MSU Denver offered all of its classes online over the summer and Davidson says there was actually an uptick in enrollment.
Changes for international students
The roundtable discussion stressing the need for students to return to in-person instruction comes one day after Immigration and Customs Enforcement put out new federal guidelines for international students in the U.S.
According to the new rules, international students who take all of their classes online will be forced to leave the country.
The new rules apply to students who hold an F-1 or M-1 non-immigrant visa to attend school in the United States.
“This is a super disappointing announcement. We just found out about it. So, we are reaching out to all of our international students,” Davidson, MSU's president, said.
Hayoung Nam is one of those students; Nam is a junior at MSU Denver from South Korea who is studying computer information systems.
Nam returned to Seoul in mid-June to stay with her family for a while but now she is unsure of whether she will be able to return to the U.S. in a couple of months to continue her studies.
“Dealing with that is so unfair. I can’t understand why the government wants to do this kind of thing. As an international student, I’m so sad about that,” Nam said.
Nam is one of 11,316 international students on F-1 and M-1 visas studying in Colorado, according to the Colorado Department of Higher Education (CDHE).

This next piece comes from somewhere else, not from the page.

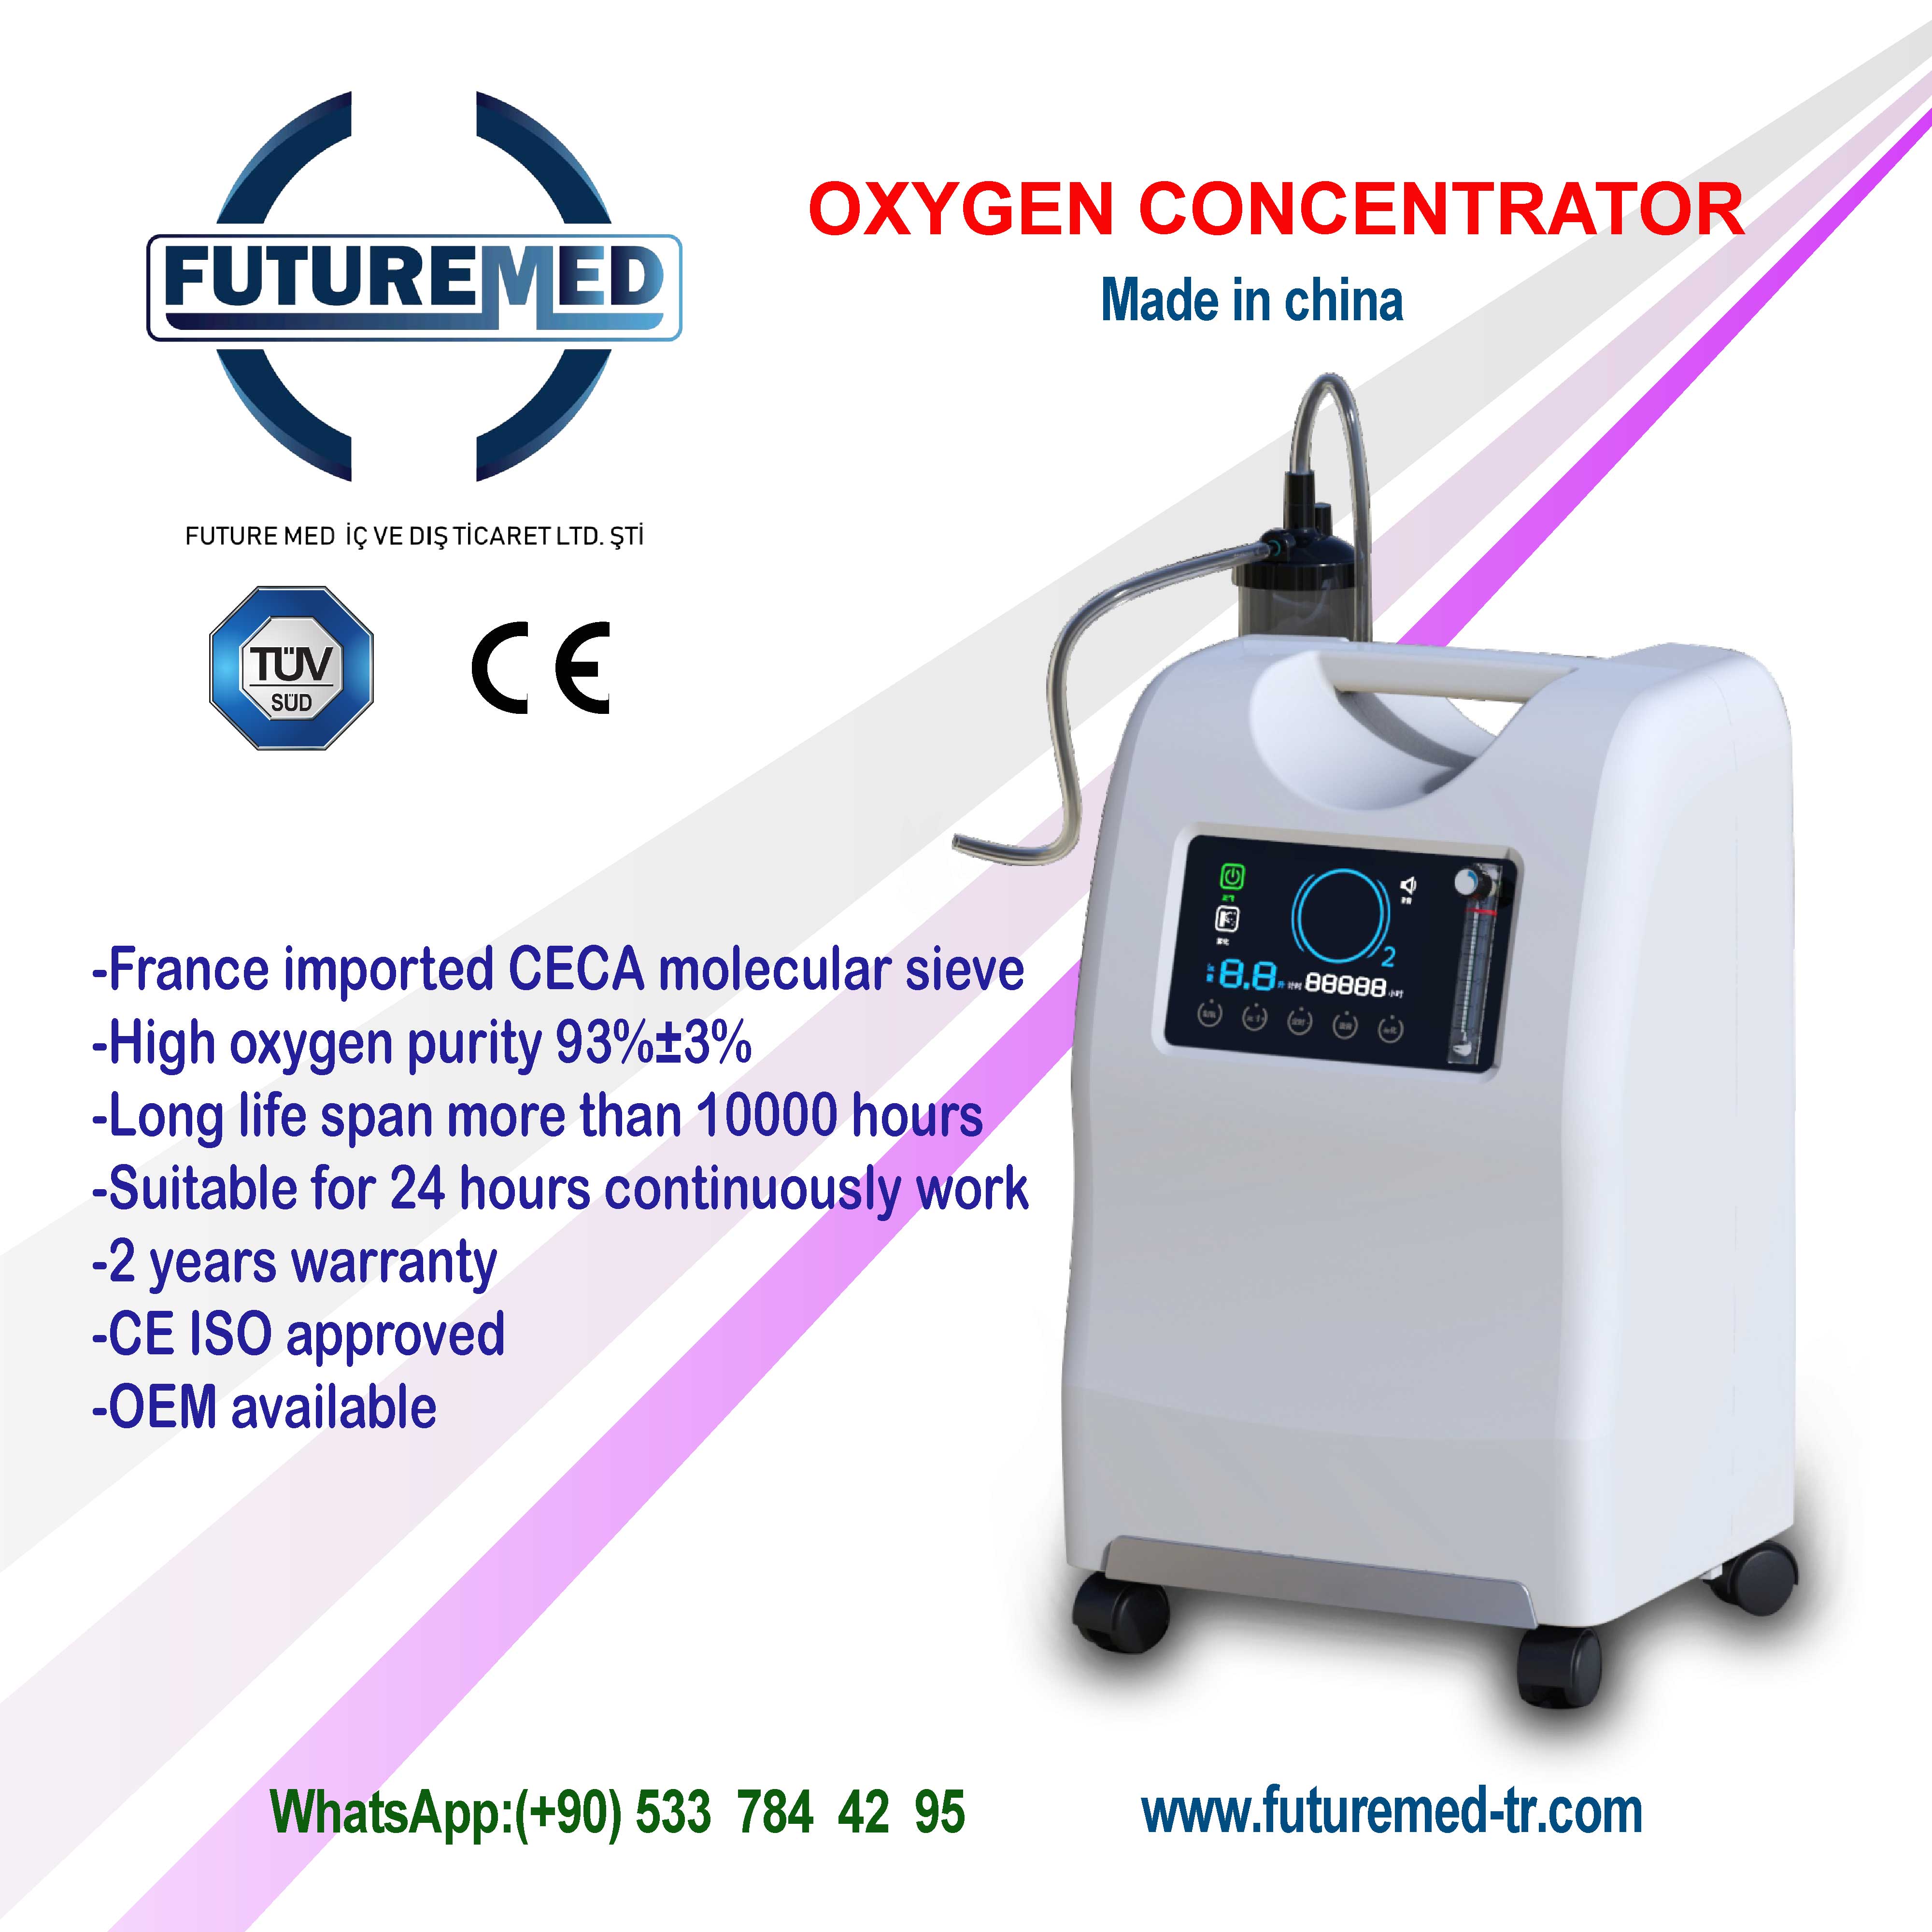   وصول مولد الأكسجين العملاق   10 ليتر يجمع بين الكفاءة العالية والسعر المنخفض  الى FUTURE MED  شركة اجهزة طبية.

At this point, CDHE officials say they do not know the full impacts of COVID-19 on the fall and that there are still a lot of uncertainties they are trying to work through.
“Many international students who were here last year have stayed, but not all. We don’t know how many new freshmen will enroll, nor if they will actually be able to get a visa and travel to the US,” a statement from CDHE read.
Nam is now working with MSU Denver to try to figure out how she can return to school. She says one of the problems with taking all of her classes online from South Korea is the time difference.
“I need to take a full semester in the fall, then I would need to wake up at 4:30 a.m.,” Name said.
Davidson also worries about the mandatory quarantines students will have to face and pay for if they are forced to return to their home countries.
“One of the other effects from this ICE decision is that it sent sort of a chill around the world about studying in America, and we don’t need that to happen. We love our international students. They add so much diversity to the campus. There are fabulous students,” Davidson said. “This is not who we are.”
Denver7 also received statements from other colleges about the ICE ruling.
The vice provost for Colorado State University’s international affairs department, Kathleen Fairfax, wrote:
“We are reviewing the new temporary final rule to understand its implications for our international students. Our international students - 2,034 on-campus last year - are a vital part of our community at Colorado State University, sharing their skills and perspectives on our campuses while gaining the knowledge and experiences that come from studying abroad at this top-performing public research university. Since CSU is planning for hybrid in-person instruction in the Fall we are hopeful that our students’ ability to maintain their student visas will not be adversely impacted. However, CSU is seeking clarification on several points in the guidance and we will update students when we have more information.”
Meanwhile, the President of the University of Colorado wrote:
“The University of Colorado’s four campuses are planning for fall reopening with a hybrid of in-person classes augmented by some remote learning, and we look forward to welcoming our international students back to our campuses. They enrich our campus communities and enhance the diversity of the educational experience for all our students. We are working with our partner higher education associations and institutions to ensure that our international students can continue their educational journeys.”